For immobile constituents (i.e., phosphorus and potassium), industry has not yet chosen to introduce real-time sensors. In some cases, phosphorus and potassium levels in the corn belt states where VRT was first used, are very high, and field availability has been found to exceed producer needs for the current crop year and the near future. In other regions, such as western states, lower availability of immobile nutrients is common. For these nutrients, discontinuous nutrient sensor mapping methods have the potential for gathering and analyzing soil samples in separate field operations. Three systems are under development by government and academia which automatically extract and analyze soil samples for phosphorus, potassium, and nitrates (Adsett and Zoerb, 1991; Birrell, 1995; Morgan and Ess, 1996).

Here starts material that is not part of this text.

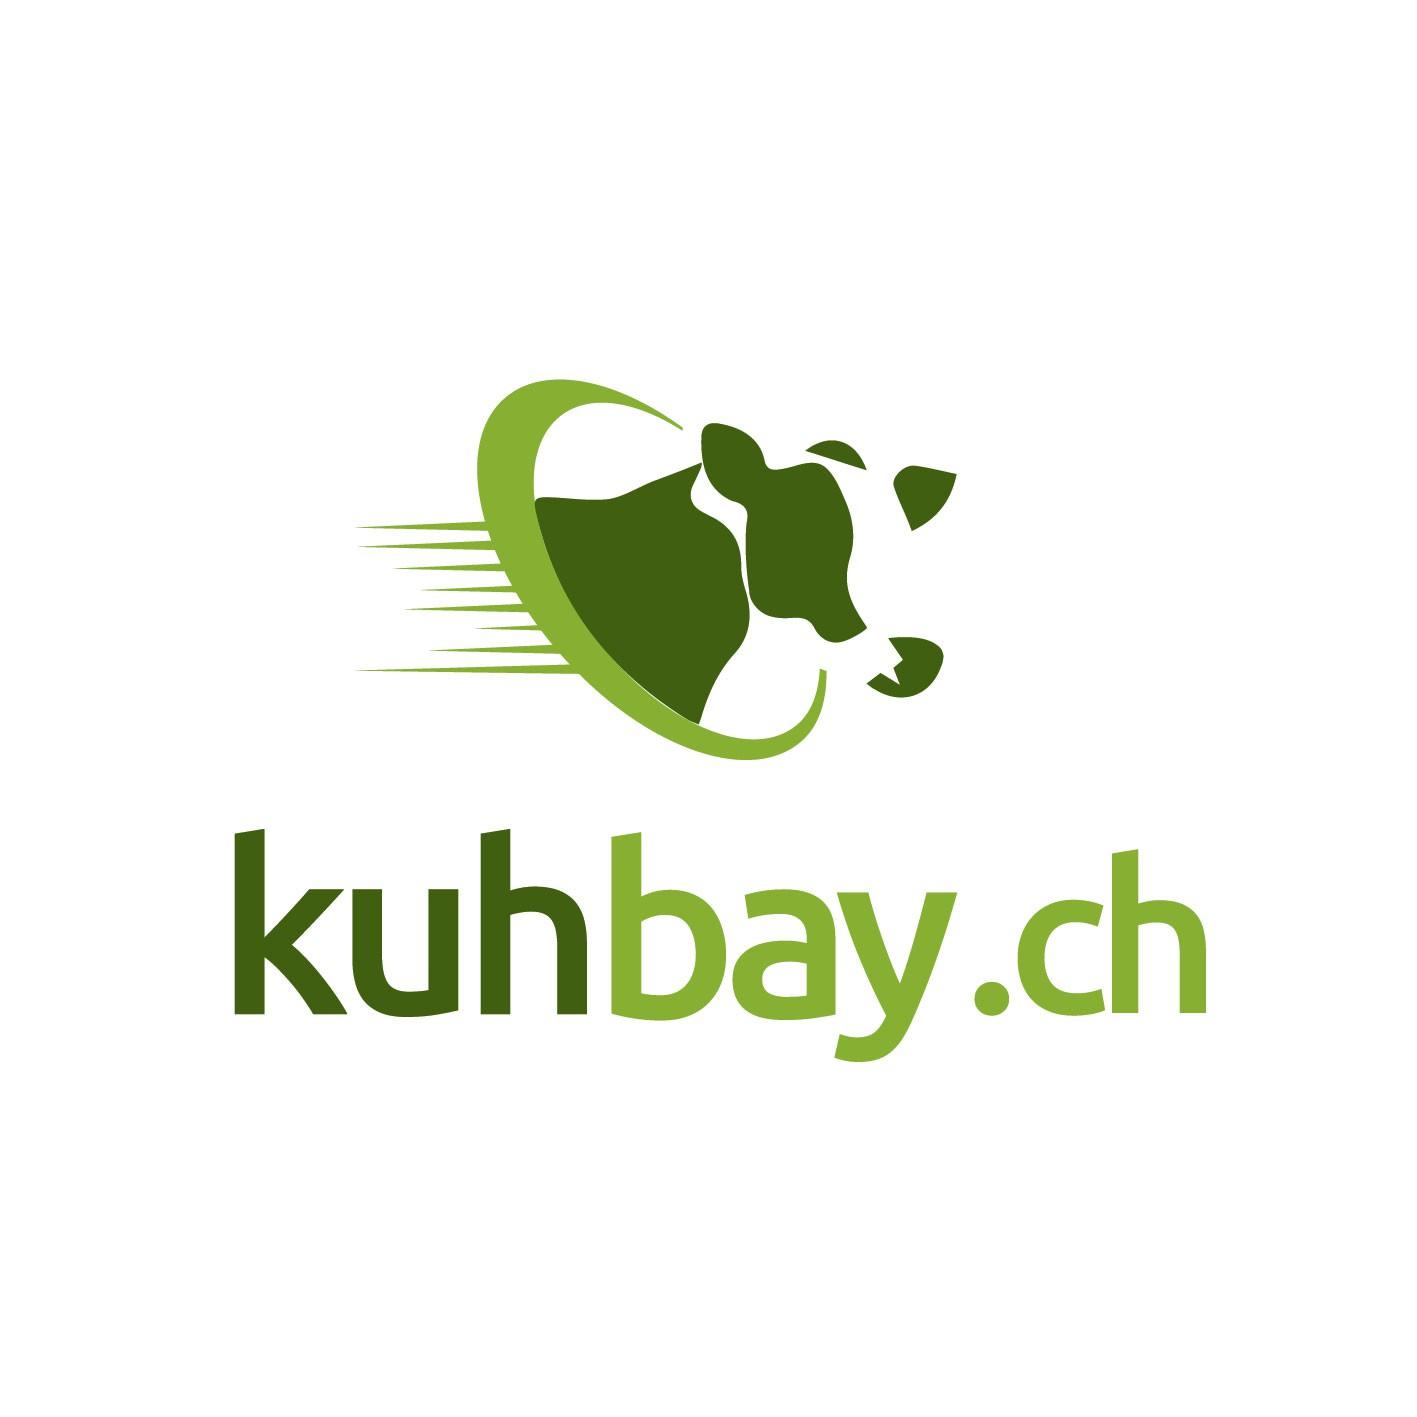 Dein Logo ist die Zukunft der Landwirtschaft

There exists the potential for a vast increase in the timeliness and amount of information if additional means of data collection and analysis become available. Sensors will play an important role in supporting technology for precise applications of nutrients, pesticides, and other inputs. Only a few commercial sensors are available today. Efforts continue by both private companies and the public sector to develop real-time sensors for additional agricultural indexes. Basic research in the sensors arena is fundamental to an improved understanding of the variations in site-specific crop production in a wide variety of regional production systems.
Remote Sensing
Remote sensing—the acquisition of information from remote locations such as an airplane or satellite—is a potentially important source of data for precision agriculture. In the long term, remote sensing could provide numerous forms of information, both spatially and temporally. However, improvements are needed in the analytical products and delivery systems if remote sensing is to meet its promise for precision agriculture.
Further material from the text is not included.